[INFORMATION PROVIDED Boundary: Start]

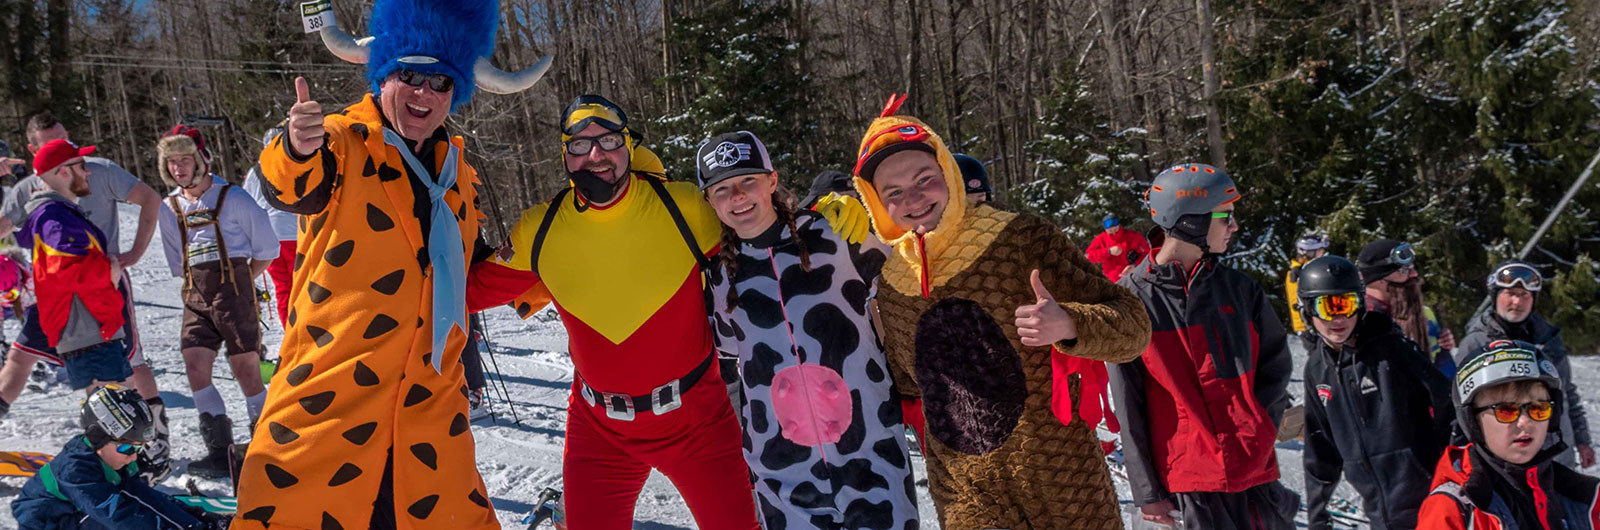 Costumed skiers getting ready for Pond Skimming
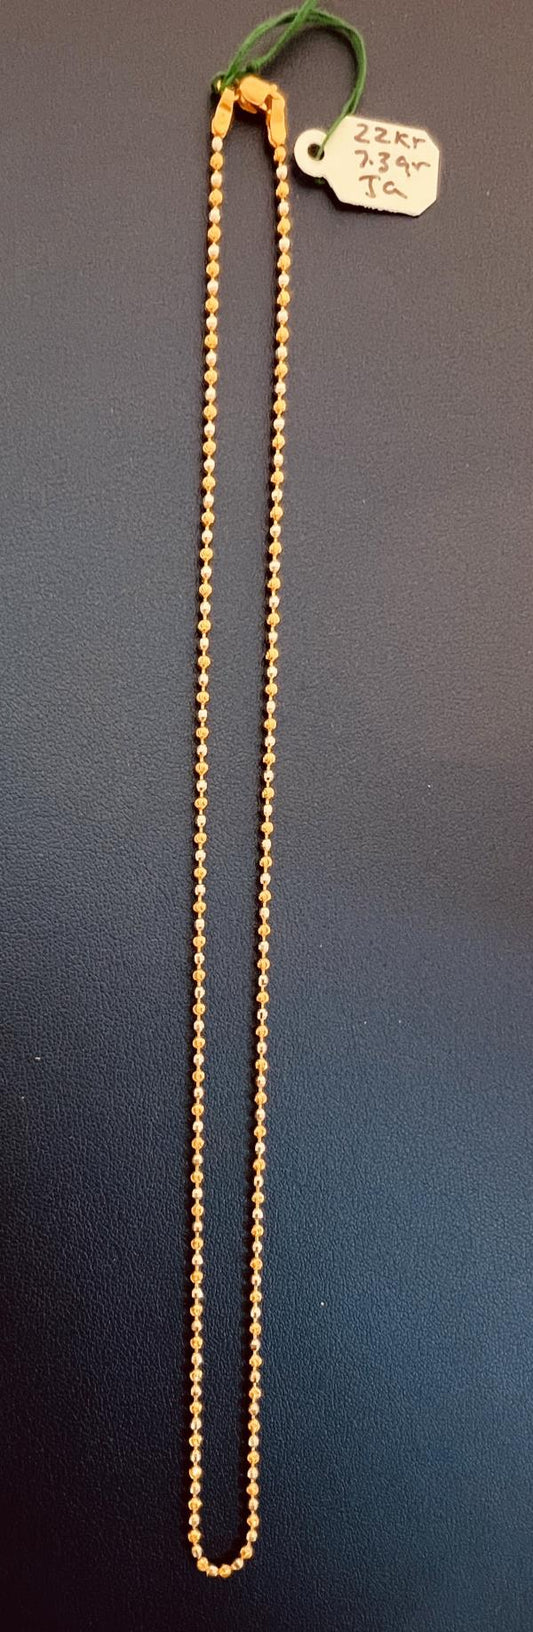 22KT GOLD CHAIN 18" TWO TONE 7.3GM
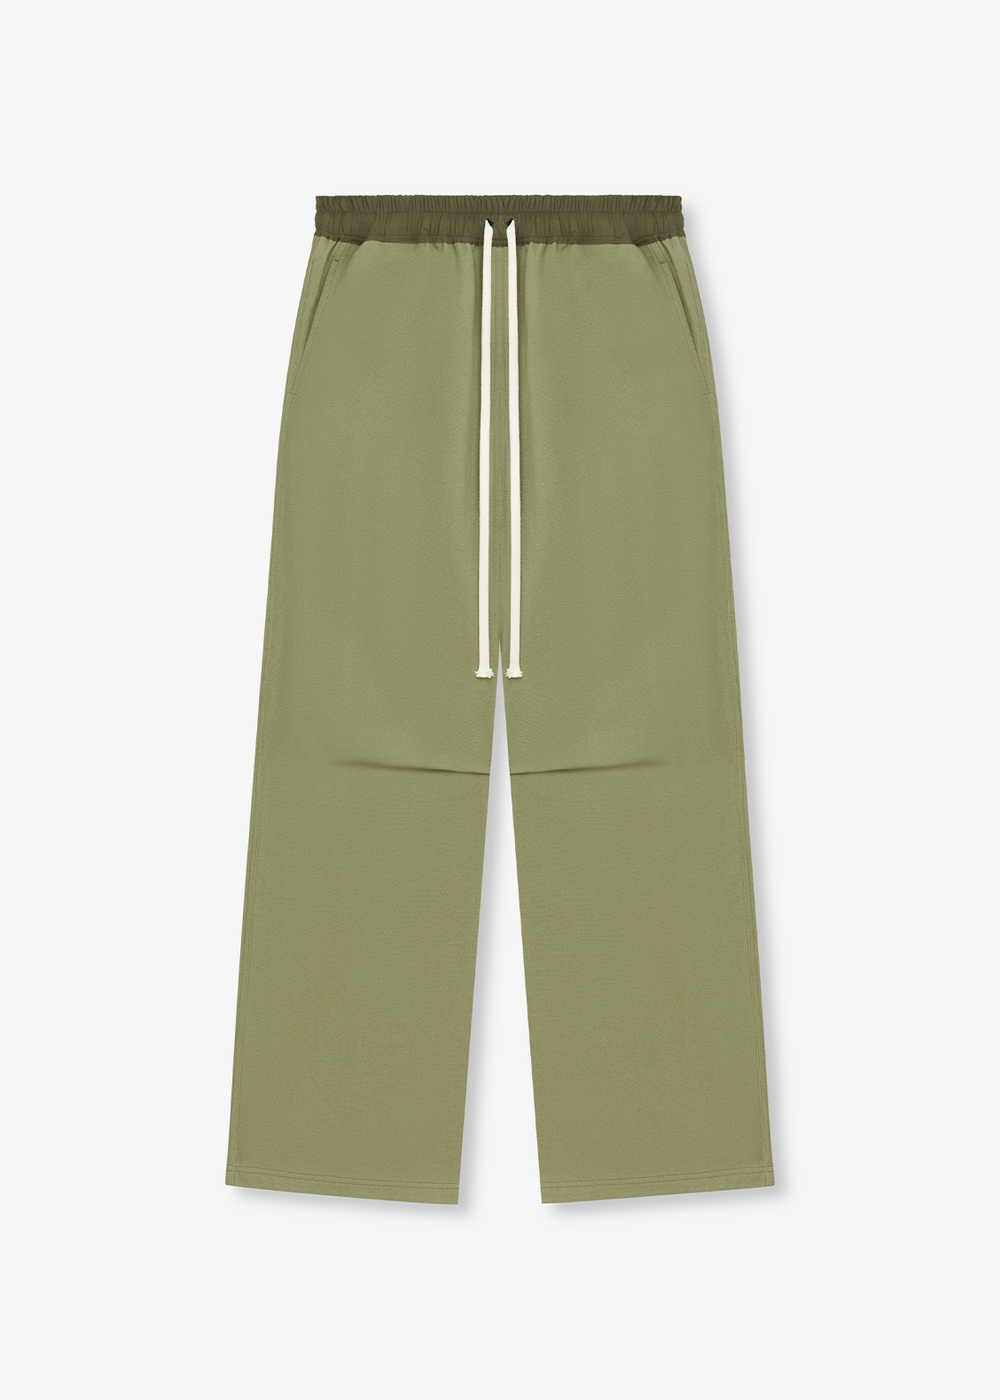 Solace Theory - Cotton Canvas Pant / Militia | SOLACE THEORY | Mad About The Boy
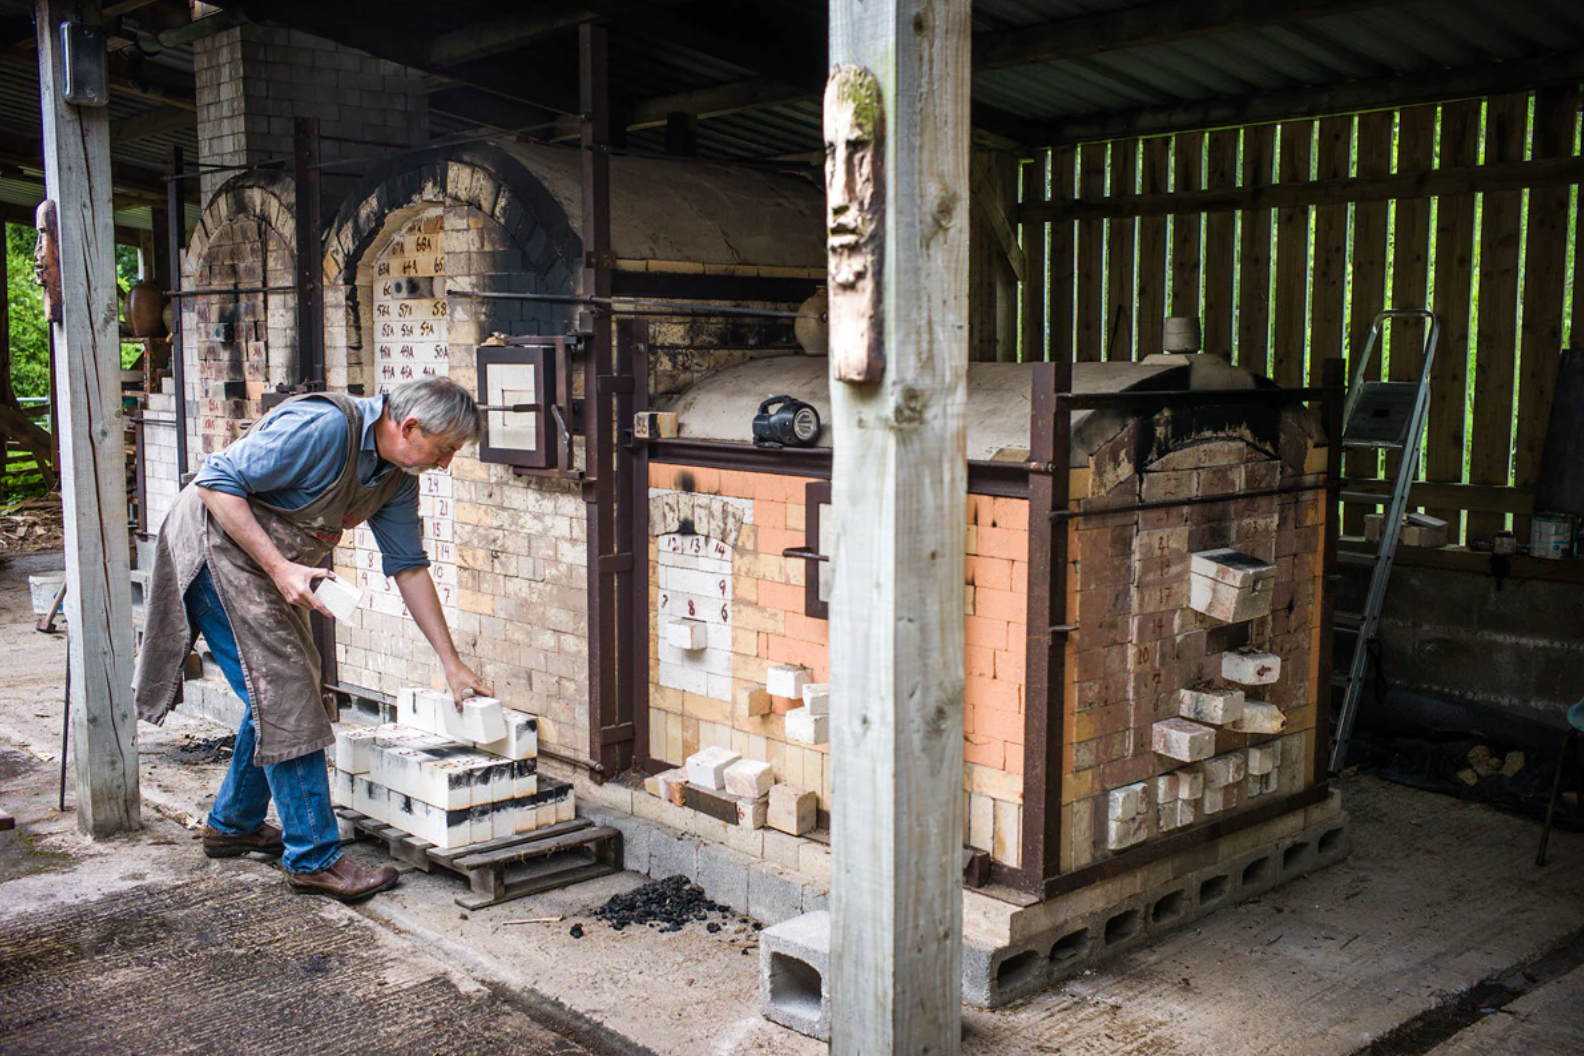 Phil's two-chamber wood-kiln being unpacked
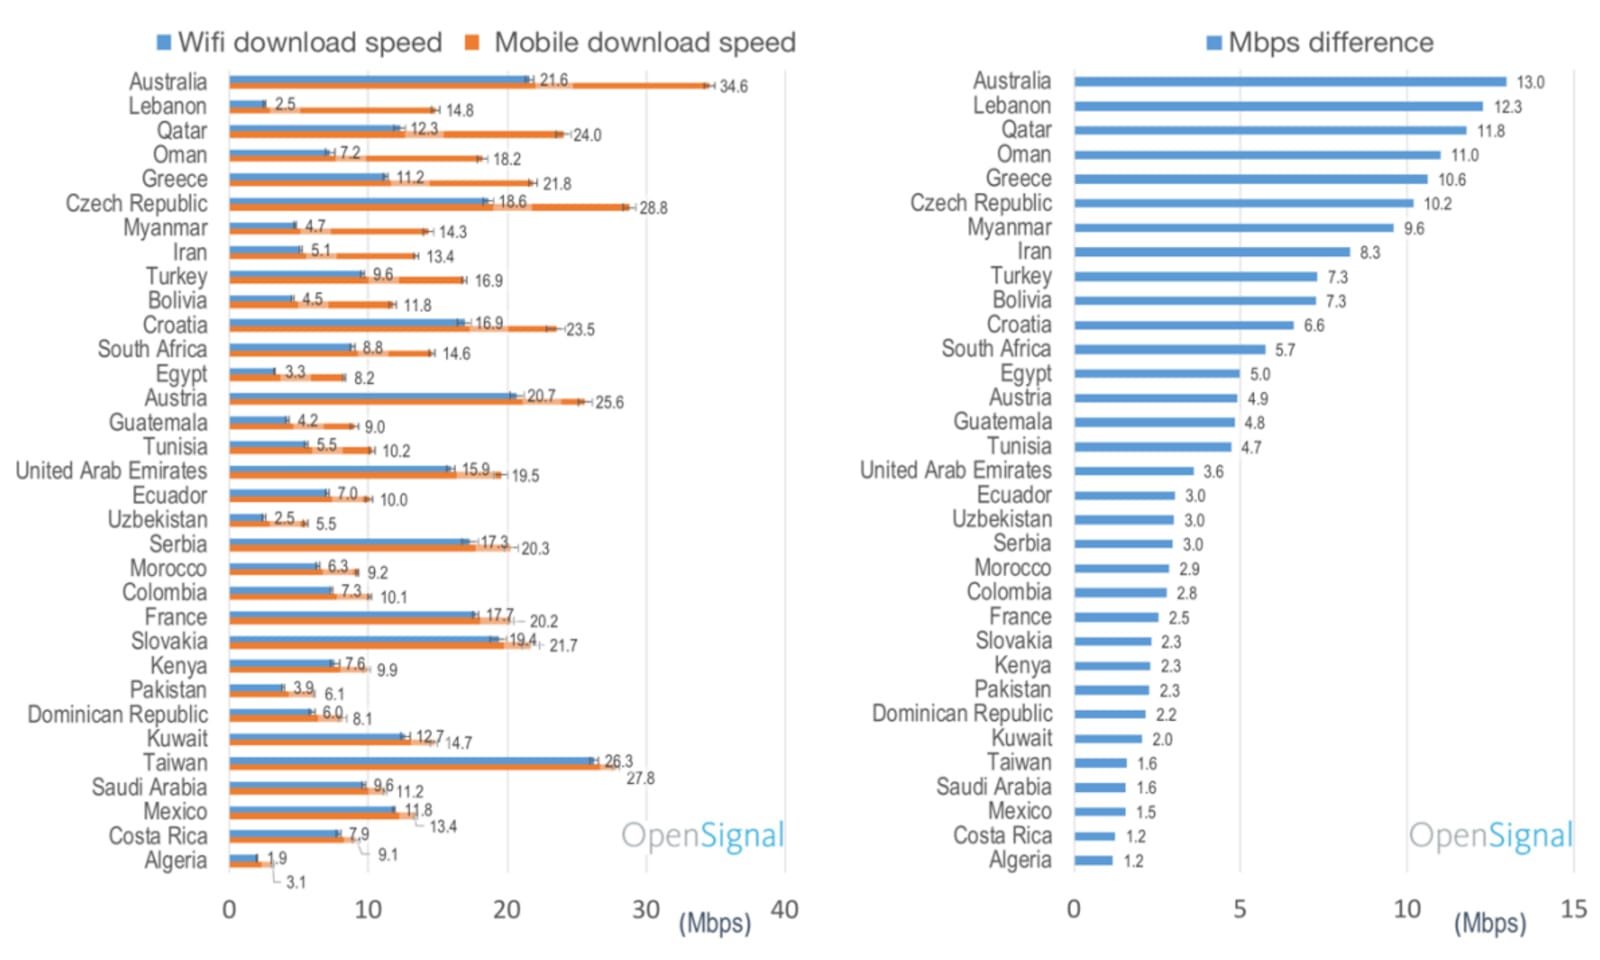 Countries where mobile data is typically faster than WiFi

[INFORMATION PROVIDED Boundary: End]

> [PROBLEM]
All of the data above should be quoted exactly, except for the pictures.

> [SOLUTION TO THE PROBLEM]
 Costumed skiers getting ready for Pond Skimming
 22KT GOLD CHAIN 18" TWO TONE 7.3GM
 Solace Theory - Cotton Canvas Pant / Militia | SOLACE THEORY | Mad About The Boy
 Phil's two-chamber wood-kiln being unpacked
 Countries where mobile data is typically faster than WiFi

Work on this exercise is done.